# A slipping bowling ball

#### kingsmaug

1. Homework Statement

A spherical bowling ball with mass m = 4.3 kg and radius R = 0.102 m is thrown down the lane with an initial speed of v = 8.2 m/s. The coefficient of kinetic friction between the sliding ball and the ground is μ = 0.29. Once the ball begins to roll without slipping it moves with a constant velocity down the lane.

magnitude of angular acceleration during sliding: 69.66 rad/s^2
magnitude of linear acceleration during sliding: 2.84 m/s^2
how long to roll without slipping: 0.824 s
length of slide before rolling: 5.79 m
and after it begins to roll without slipping, the rotational kinetic energy is less than the translational kinetic energy.
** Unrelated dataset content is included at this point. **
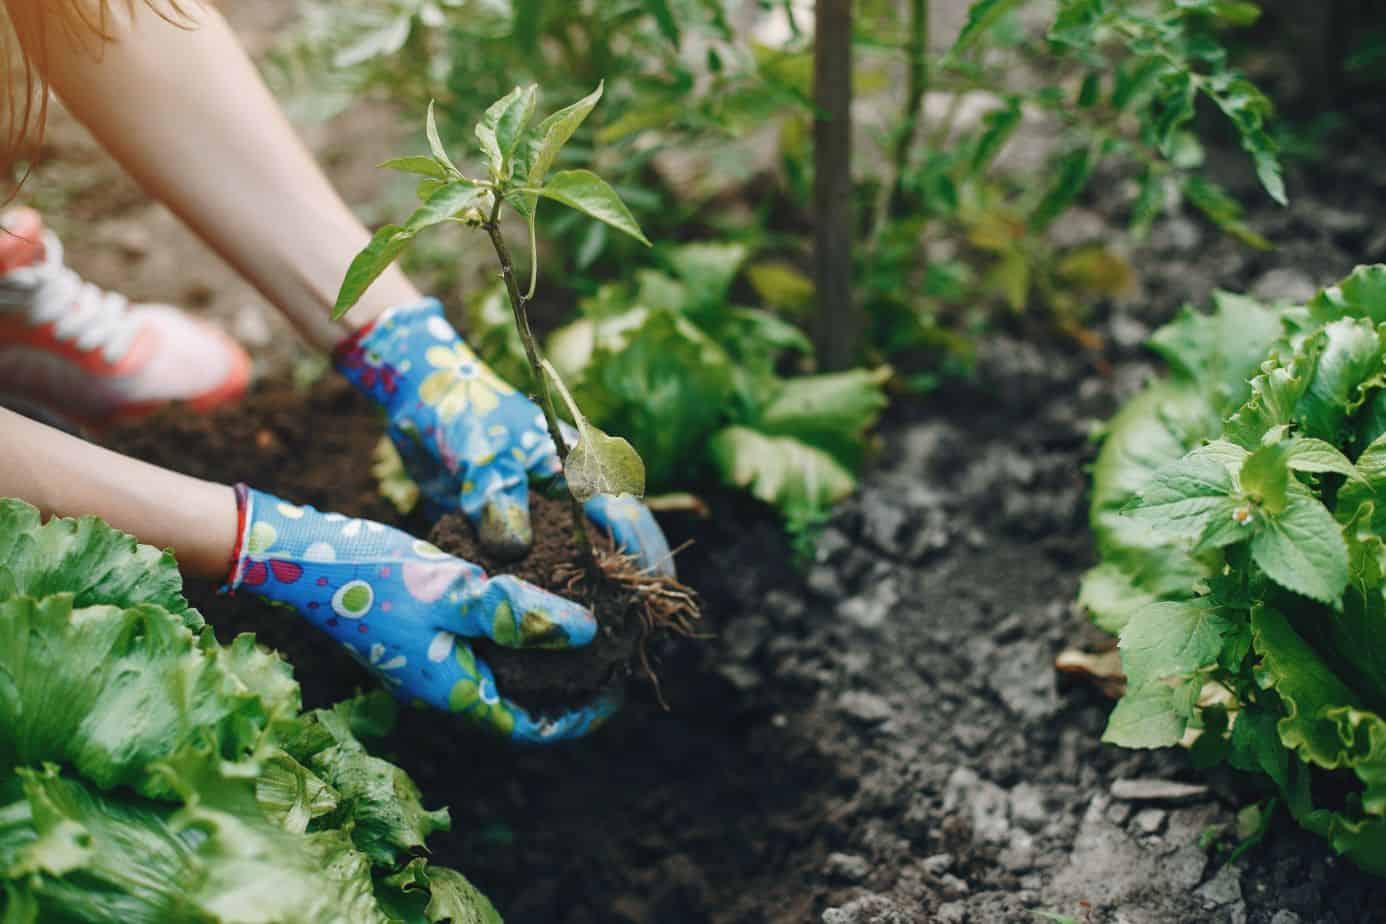 vegetable-gardening-tips-6-decide-on-the-best-plot-size

What is the magnitude of the final velocity?

2. Homework Equations
KE=1/2mv^2
Erot=1/2Iw^2
w=v/r

3. The Attempt at a Solution
I assumed that the KE of the ball immediately before hitting would be equal to the sum of the final KE and Erot.

KE1=KE2+Erot

1/2mvi^2=1/2mvf^2+1/2(2/5m)(vf^2/r^2)

After mathing, I solved that the final velocity is 1.30559 m/s, but that isn't right.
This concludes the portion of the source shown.